Matrix Platform `v0.3.0`: Unified integration, sampling and model stability

The release introduces a new unified integration layer, a sampling mechanism and a suite of stability metrics.

Tip

To check out this release, run git checkout v0.3.0.

Key Enhancements

Unified integration layer and Spoke integration

So far, the process of integrating datasets has been ad-hoc, in the sense that we need to add additional pipeline steps for each source. Over time, we've learned that this process is fairly structured, i.e.,

Transform the nodes into our unified format
Transform the edges into our unified format
Normalize nodes identifiers (CURIEs) to ensure the same identifier universe is used

We've implemented this streamlined process across all of our sources, hugely simplifying the integration of new sources. Moreover, we've setup the integration for Spoke, a new knowledge graph that we aim to use in the future.

Sample pipeline

The matrix pipeline integrates a wide variety of data sources, and trains complex machine models on top. Over time, the pipeline grew tremendously, rendering end-to-end runs on real data intractable for development purposes. To speed this up, we had implemented runs on synthetic data. This technique has proven quite relevant during the initial stage of introducing new features, but it failed to surface issues related to the data quality of our sources.

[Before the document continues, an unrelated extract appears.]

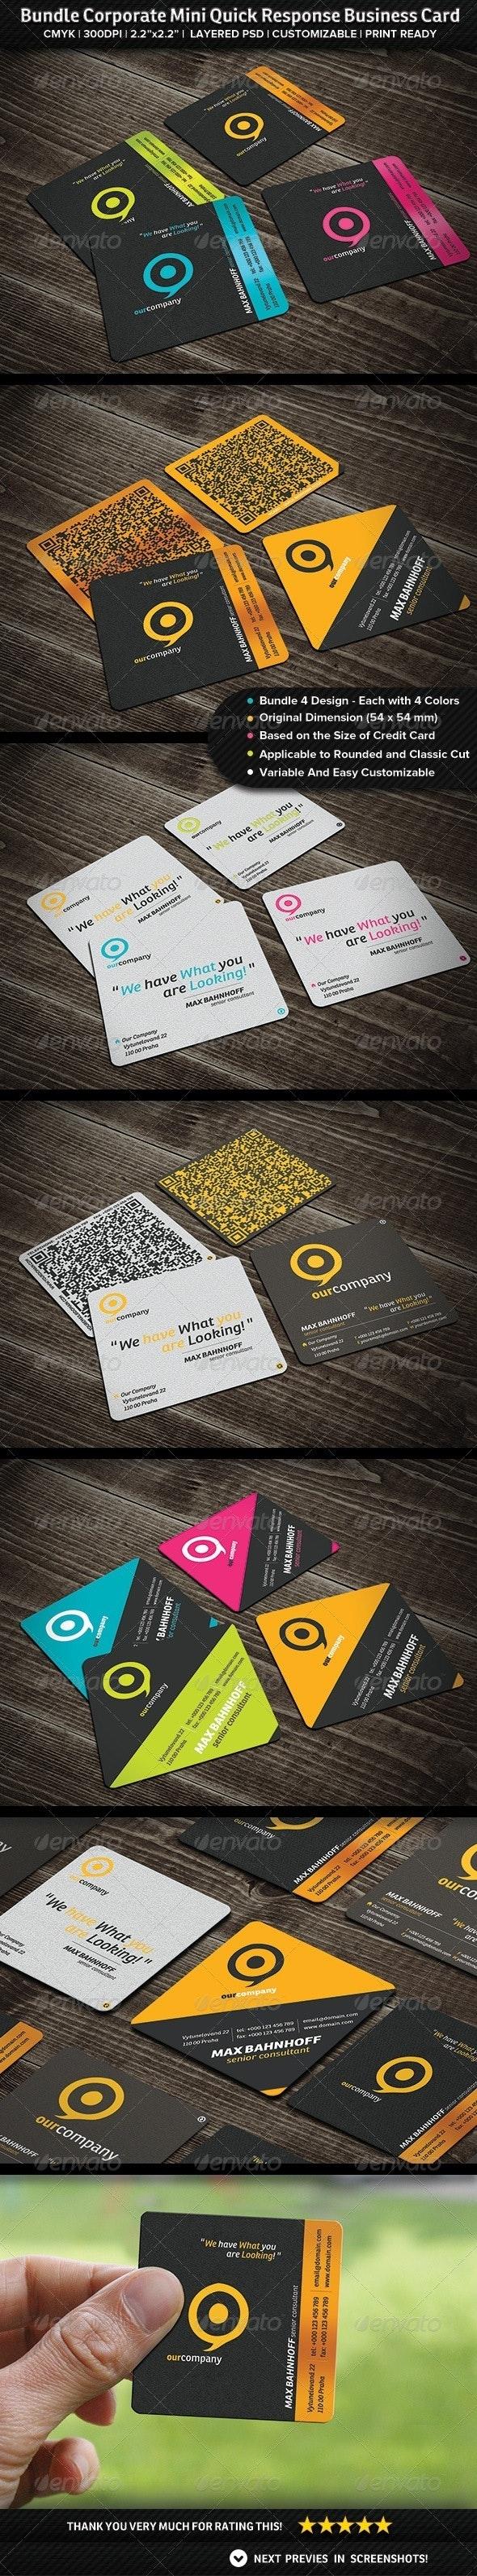 Bundle Corporate Mini Quick Response Business Card - Creative Business Cards

To bridge this gap, we've introduced the ability to run the pipeline on a sample of data, giving more confidence that the pipeline will run end-to-end in a timely manner. The sample pipeline samples the integrated knowledge graph, therefore this feature is available to the embeddings pipeline and on.

K-fold cross-validation and stability metrics

So far, our pipeline is producing a single model on the entire data. Though, it was still possible that we got lucky with our choice of seed, thereby getting a good model by coincidence. Good modes are stable, meaning that changes in subsets of data and seeds yield models with similar performance. We've updated our pipeline to train multiple models, on different subsets of data, allowing us to assess model stability.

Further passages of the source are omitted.